You may build a single‑unit dwelling as a matter of right in the R‑1 zone; other residential types (duplex, multi‑unit) are limited or require conditional review. Setbacks, lot size and height limits apply (e.g., minimum lot area 7,500 sq ft, front setback 20 ft, max height 35 ft) per Tables 106‑43.1/43.2. § 106-42; § 106-43.
What are San Fernando residential setback requirements?
The baseline residential front setback is 20 ft for R‑1/R‑2/R‑3; side yards 5 ft, rear yards typically 15–20 ft (see Table 106‑43.2 for each cell and alley conditions). Exceptions and averaging rules are in the same table and later setback exception sections. § 106-43; § 106-188—106-189 (verify full exception text).
Do I need design review or site plan review in San Fernando?
Many projects require site plan review; major new construction or remodels in PD, RPD, MU overlay, or SP‑5 zones and certain size thresholds in residential/commercial zones trigger site plan review. Some smaller actions are processed ministerially via zone clearance. See applicability rules for site plan review and zone clearance. § 106-855—106-860; § 106-823—106-827.
What does the SP-5 specific plan change about zoning?

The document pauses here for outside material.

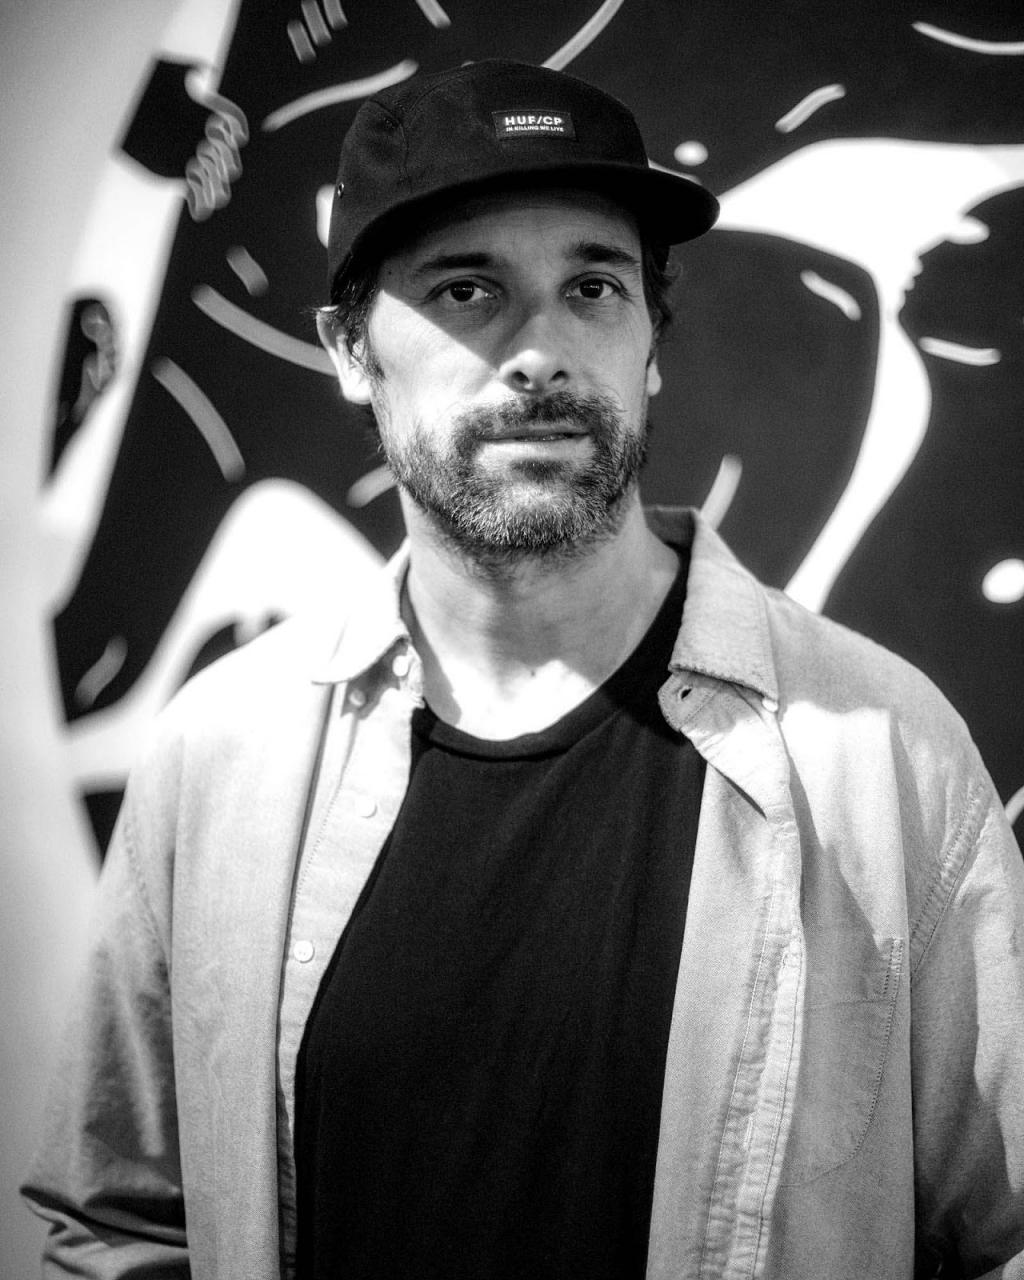 huf cleon peterson parceria 02 - HUF colabora com artista Cleon Peterson
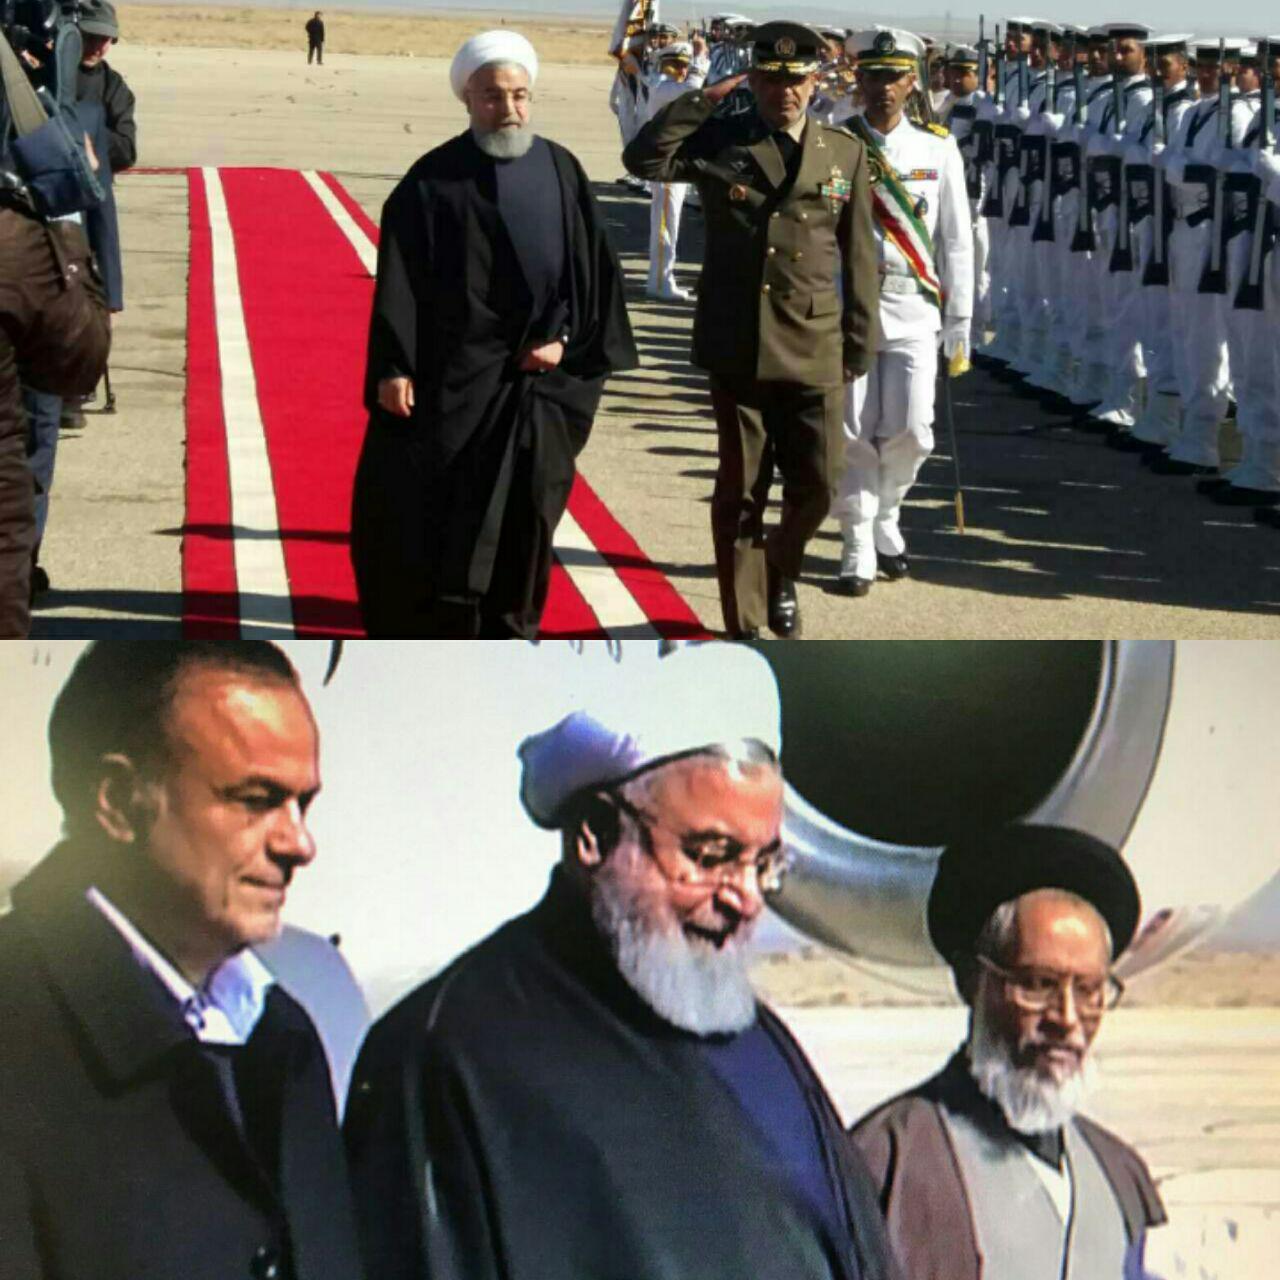 افتتاح طرح های بسیار مهمی در سفر به کرمان

If your property is inside SP‑5, the specific plan’s development standards are mandatory and control where they conflict with the zoning ordinance; where the specific plan is silent, the zoning ordinance controls. Confirm SP‑5 boundaries on the zoning map and apply the SP‑5 standards and design guidelines. § 106-133—106-136.
Can I have outside storage or outdoor display in commercial or industrial zones?
Generally no — commercial and industrial rules prohibit outside storage unless a conditional use permit is approved; the SC zone contains limited, enumerated exceptions (e.g., nurseries, limited auto display). Verify for your use. § 106-74; § 106-104.
How does the RPD overlay change setbacks and density?
The RPD overlay prescribes its own lot and building-form standards: minimum project area 2 acres, min building site area 5,000 sq ft, front setback 15–25 ft (20 ft avg), max height 35 ft (2 stories) and max lot coverage 50%. Density must not exceed what the General Plan allows and RPD projects typically require discretionary approvals. § 106-163—106-165.
Where do I get a zone clearance and what does it confirm?
The Community Development Director issues zone clearances to confirm that a proposed use is permitted as-of-right and conforms to applicable development and use standards; zone clearance is required for establishing a new permitted use and for streamlined development. § 106-824—106-825.
Are there numeric parking or landscaping rules I must meet?
Yes — parking standards are in Article III (division 3) and landscaping/irrigation requirements are in § 106-344—106-345 (e.g., tree and pervious-surface minimums for residential projects). Confirm the exact parking ratio for your use and the landscape plan requirements before submittal. § 106-344—106-345; Article III, Div. 3.
Where can I confirm whether PD1 or MUO standards apply to my parcel?
The ordinance lists PD1 and MUO in the official zone list, but PD1/MUO text was not present in the retrieved excerpts — verify with the City of San Fernando Community Development Department or review the full Municipal Code for the PD1 and MUO sections. § 106-5 (listing).
Are ADU rules different in San Fernando from state law?
Local ADU rules appear in Article IV and reference state law; state ADU law can limit local controls (minimum ADU sizes, setbacks, and parking restrictions). Cross-check both the local ADU division and current California ADU law before design. Local ADU: Article IV; State ADU law: Gov. Code.